Die „Granate 5“ war die meines Wissens letzte Version vor der aktuellen und sowohl bei Möller & Breitscheid als auch – mit anderer Bezeichnung – bei Möbius+Ruppert1 im Programm.
Links: „Granate 5“ von Möller & Breitscheid, rechts: „Granate“ (M+R 604) von Möbius+Ruppert
Angesichts der Kennzeichnungen „W.Z. № 507558“ an der Stiftöffnung, „MB“ auf dem Messer und „Granate 5“ an der Spitze gehe ich davon aus, dass dieses Exemplar von Möller & Breitscheid2 aus Köln stammt.
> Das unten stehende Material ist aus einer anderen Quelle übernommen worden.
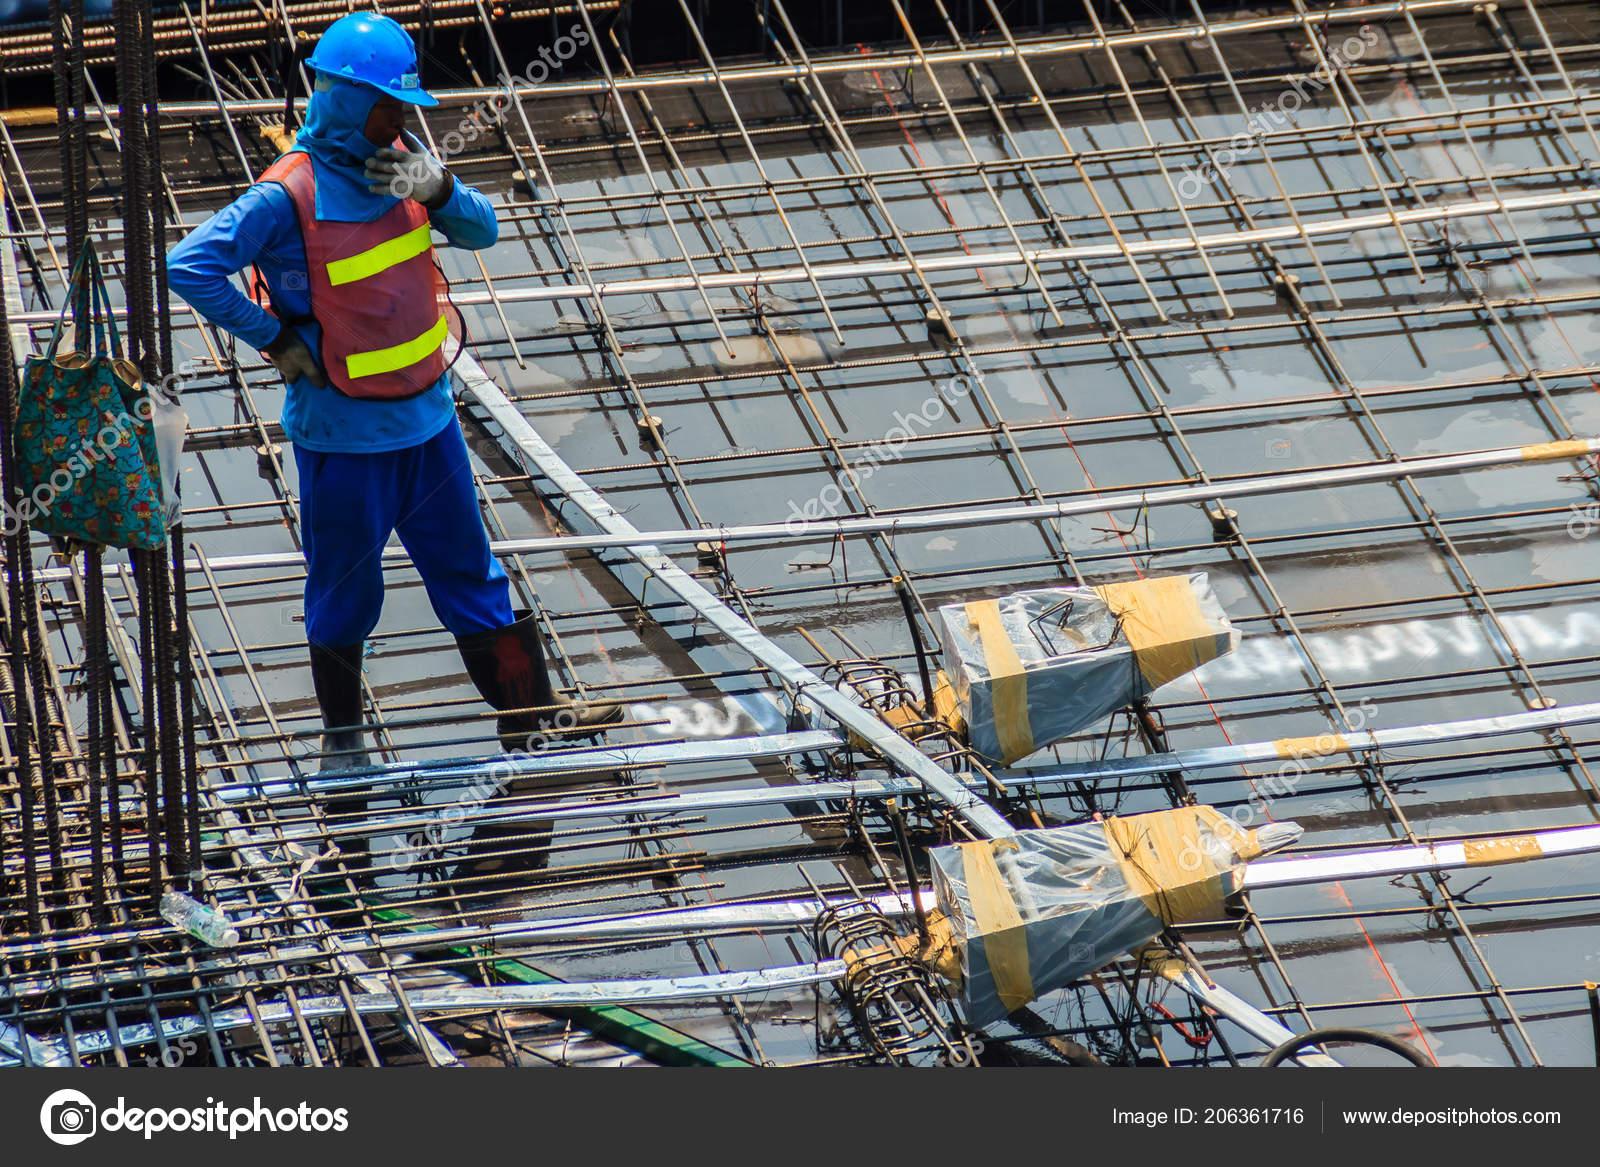 Unidentified Worker Used High Pressure Machine Clean Floor Slab

Bei der Befestigung des Messers zeigen sich die größten konstruktiven Unterschiede. Sorgten früher zwei kurze Stifte für den Formschluss, so erledigt dies heute eine Vertiefung. Obendrein wurde die Rändel- durch eine Kreuzschlitzschraube ersetzt, wobei letztere eine größere Steigung hat. Es fällt zudem auf, dass die Stiftöffnung in der aktuellen „Granate“ exzentrisch sitzt, vermutlich bedingt durch den Wunsch, das (0,5 mm längere) Messer komplett zu versenken und weder aufsitzen noch überstehen zu lassen. Die Länge des Spitzers wurde von 26,5 mm auf 24,8 mm verringert; der Durchmesser blieb bei 15 mm. Es war eine gute Entscheidung, die Rändelungen feiner und die Rillen zwischen ihnen schmaler und flacher zu machen, denn dadurch wurde der Spitzer gefälliger. – Einen Unterschied im Spitzwinkel konnte ich nicht feststellen.
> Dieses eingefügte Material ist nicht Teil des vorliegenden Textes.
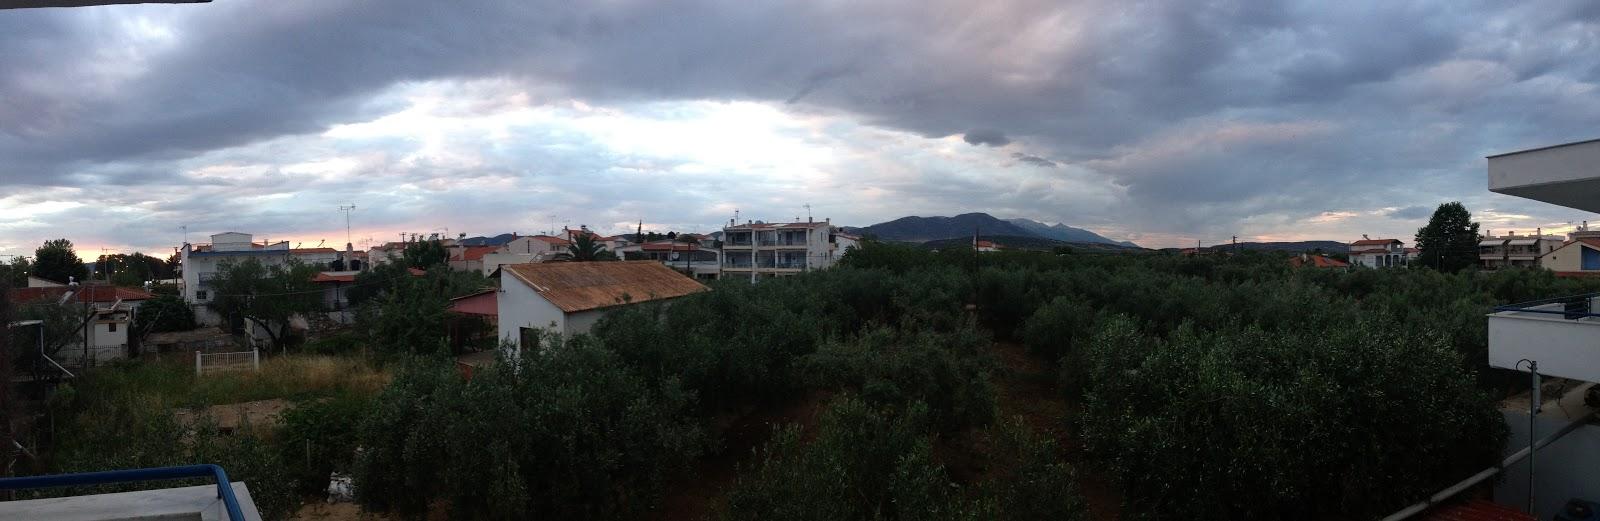 Day 20 - 2013-06-13 - Thessaloniki to Paralia Ofriniou - IMG_1220.JPG

Bei Gebrauch der „Granate 5“ überraschen zwei Dinge: Zum einem stauen sich die Späne3 hinter der Rändelschraube und zum andern ist die Geometrie nicht optimal – ein 0,6 mm dünner Minenzapfen verlässt den Spitzer mit einem sprialförmigen Muster. Da diese Spitze selbst bei einem härteren Bleistift sofort abbricht, gehe ich davon aus, dass dies nicht beabsichtigt war.
Test mit einem STAEDTLER Noris 120 (Zeder, alt)
Trotz dieser Eigenheiten ist die „Granate 5“ im Gegensatz zu manch anderem historischen Spitzer auch heute noch zu gebrauchen.